▶ **Information supplied**
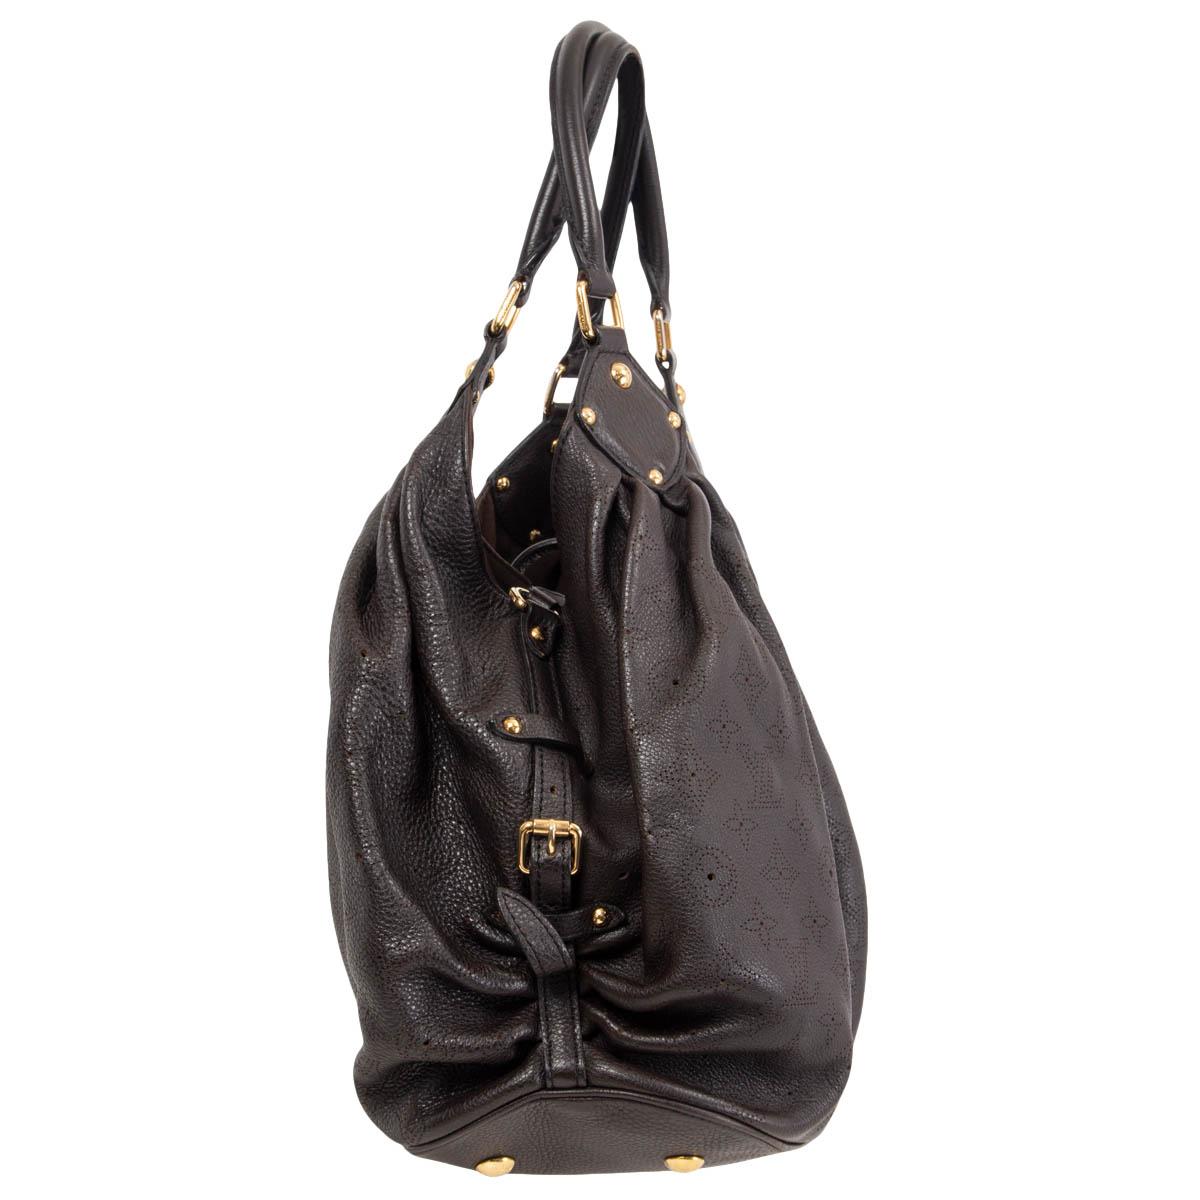 100% authentique Louis Vuitton Monogram Mahina Leather Large Shoulder Bag en cuir grainé Monogram perforé brun espresso. S'ouvre avec un fermoir en métal doré et une lanière avec crochet. Doublé d'alacantara marron, avec une poche zippée au dos et
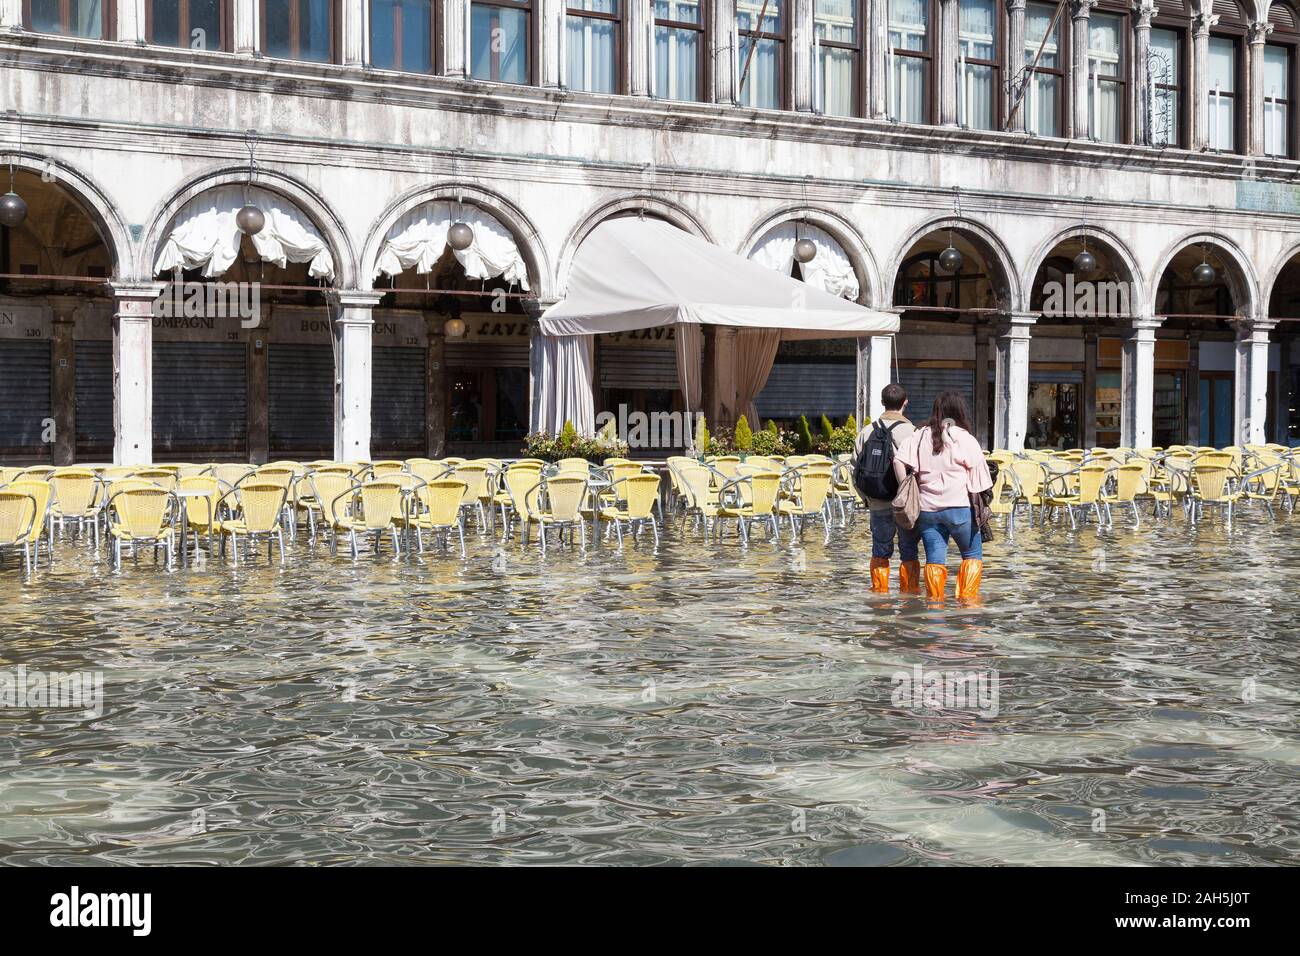 Acqua Alta inondations lors des grandes marées extrêmes de la Piazza San Marco, Venise, Italie. Les touristes regardant vide chaises de restaurant au Caffe Laverna dans l'eau d'inondation Banque D'Images
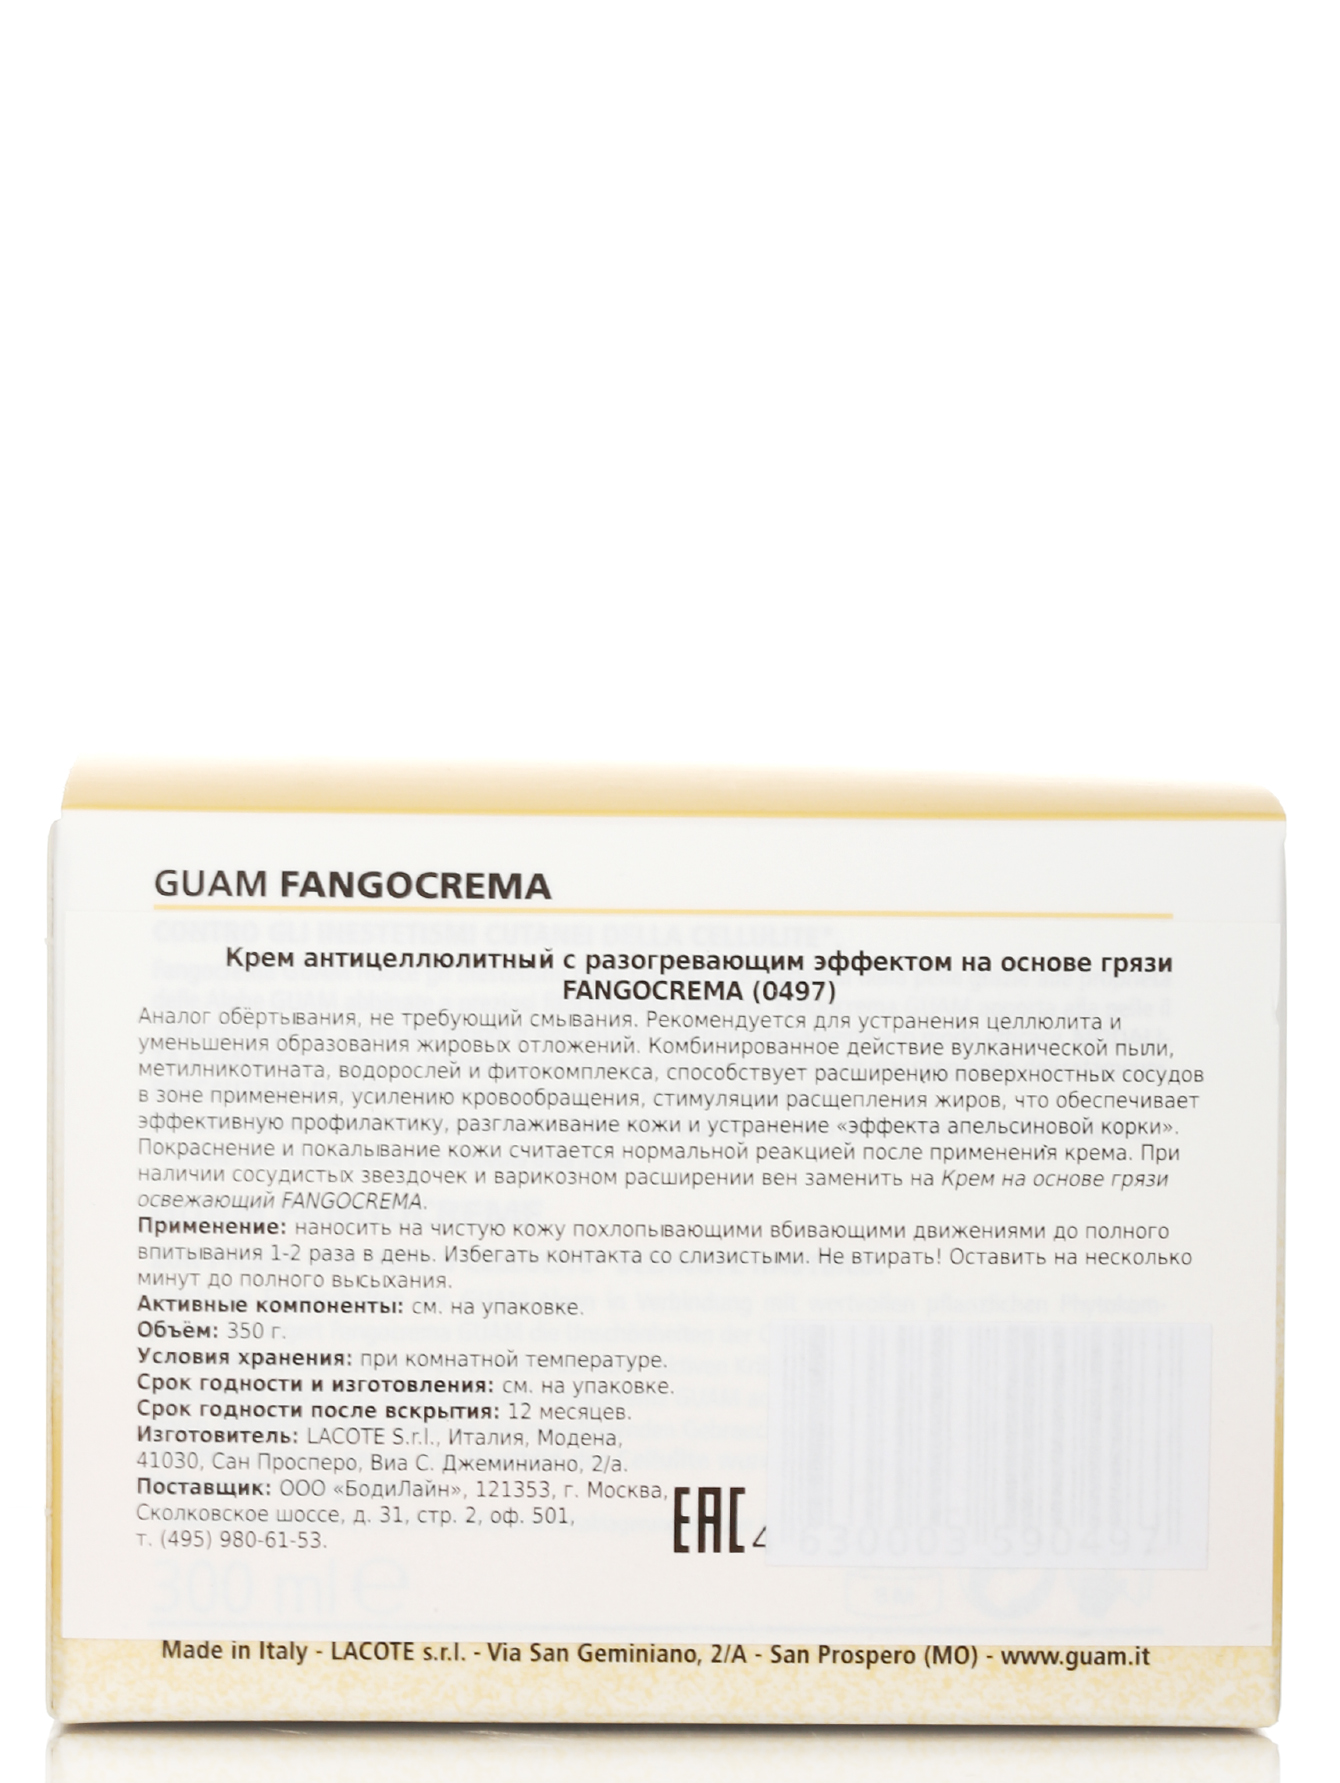  Крем антицеллюлитный с разогревающим эффектом - Fangocrema, 300ml - Модель Верх-Низ

▶ **Work order**
Pictures are not part of the copy; reproduce exactly and only the lines from the line containing "Acqua Alta inondations" through the end of the listing.

▶ **Answer space**
 Acqua Alta inondations lors des grandes marées extrêmes de la Piazza San Marco, Venise, Italie. Les touristes regardant vide chaises de restaurant au Caffe Laverna dans l'eau d'inondation Banque D'Images
  Крем антицеллюлитный с разогревающим эффектом - Fangocrema, 300ml - Модель Верх-Низ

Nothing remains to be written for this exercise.